I don't believe the net invented "immediate gratification" -- I think television did that long before the net existed. As fan readers and writers we do have a tendency to want more fiction *right away* -- but I think we always did. However, the reality of zine culture, where it took a lot of time and expense to collect stories, edit them, type them up, produce them into a zine and then *hand collate* them, meant that fans accepted that they had to wait. Sometimes years. Ask any veteran fan about Bird of Paradise. ;-) However, I don't believe that if pre-net print zines had been easy to produce that fans wouldn't have been impatient for more of them and to have them produced quicker -- they just didn't have that choice.

It's hard to decide to spend the amount of time it takes to completely flesh out the story you've stumbled into -- never mind go out of your way to add more subplots. The urgency of the story in your head screams to be completed, to be shared, friends are begging you to see it -- and the avenue is there to do that. It's hard to resist.

But if you're talking about story *ideas*, some most definitely are short story ideas and some are novel ideas. It always frustrates me when people take a meaty, complicated idea and race through it and present it as a short story while I sit around spluttering, "But...but what about

  • this*??? And that? And you never followed through on this thing either!

And...and..." Likewise, the story idea that clearly is not that complicated and should be a good, satisfying short story can be dragged on endlessly until you start rolling your eyes and dozing off and wondering why didn't someone *cut* this shaggy dog down to its primary focus.

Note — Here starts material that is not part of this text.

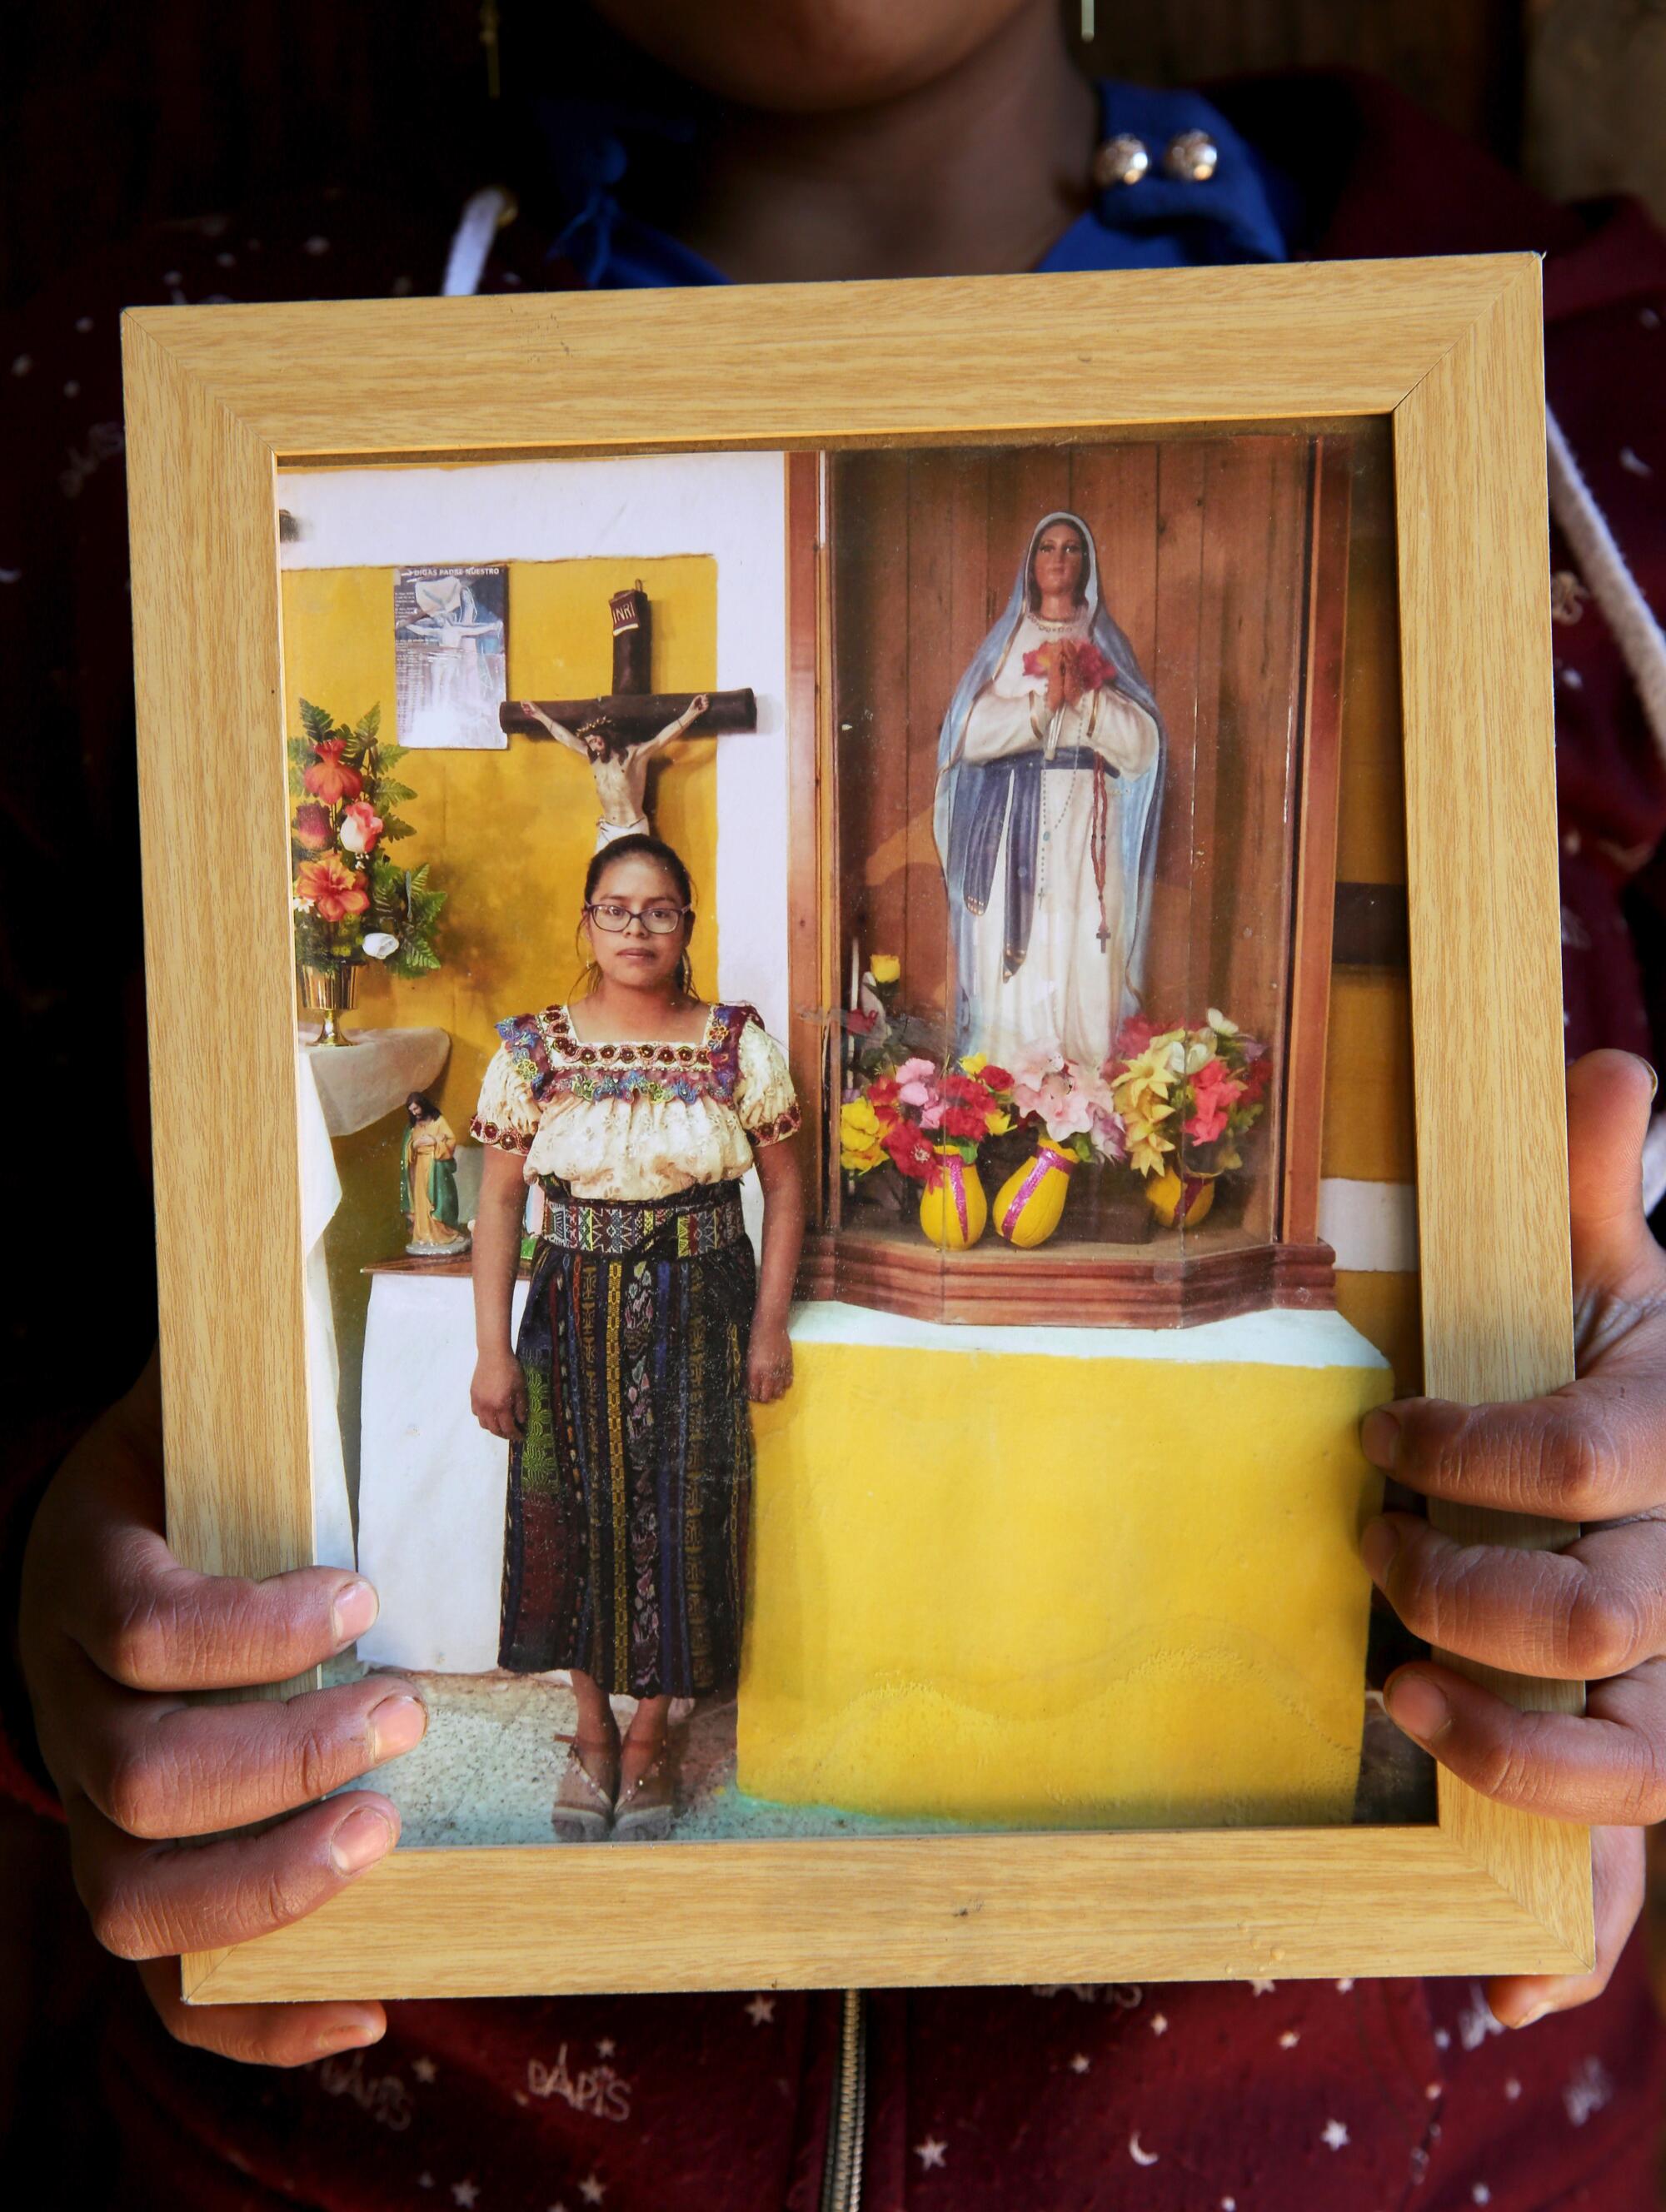 Portrait of Blanca Elizabeth Ramirez Crisostomo, who died at age 23, is held by her sister Glendy Araceli Rami

I wanted TE to be a novel, so I deliberately focused on a problem what would affect every aspect of their lives and every relationship they had. I knew ILIR: Colby was a basic, simple idea that could be explored in a reasonably-lengthed (especially for me) short story. I know a lot of fans don't approach fiction this way, and I don't always. I had no idea how long Addiction would be. I just knew it was complicated. I thought Helen was going to be longer than it turned out. But I do think you have to ask yourself, how complicated is this conflict. How much of an affect will it have on their lives, their relationships, their culture, their times? If it's a two-person, highly focused conflict with a lot of immediacy, not much. Like [April Valentine's]...oh, please let me be right about this...Breath of Life? Where Starsky is trapped under water and Hutch has to breathe for him. This is a powerful, gripping, unforgettable story -- but there's no way it could've been a novel. It would've lost all its power if it had been dragged out too long. It was perfect the way it was presented, so that you were gripping the zine with two hands [since our favorite people *can* die in zine stories] worrying like hell what was going to happen.

A writer can save themselves a lot of aggravation if they take a good hard look at their idea before they get totally embroiled in it and realize they've bitten more off than they *want* to chew. Most complicated ideas can be pared down to make reasonable and still satisfying short stories, or slightly longer short stories. But if you ignore some of the major issues your stories raise because you just can't cope with the time and investment factor -- all reasonable problems -- don't be surprised if people are unhappy with you if you try to squeeze it all in in just a few pages.

Me, I want to learn to write like the woman who wrote Gunther's Revenge. In my hands that thing would've been a 600 page top heavy overblown monster. In her hands it was a lean, spare story with all the power packed into it of a major novel read.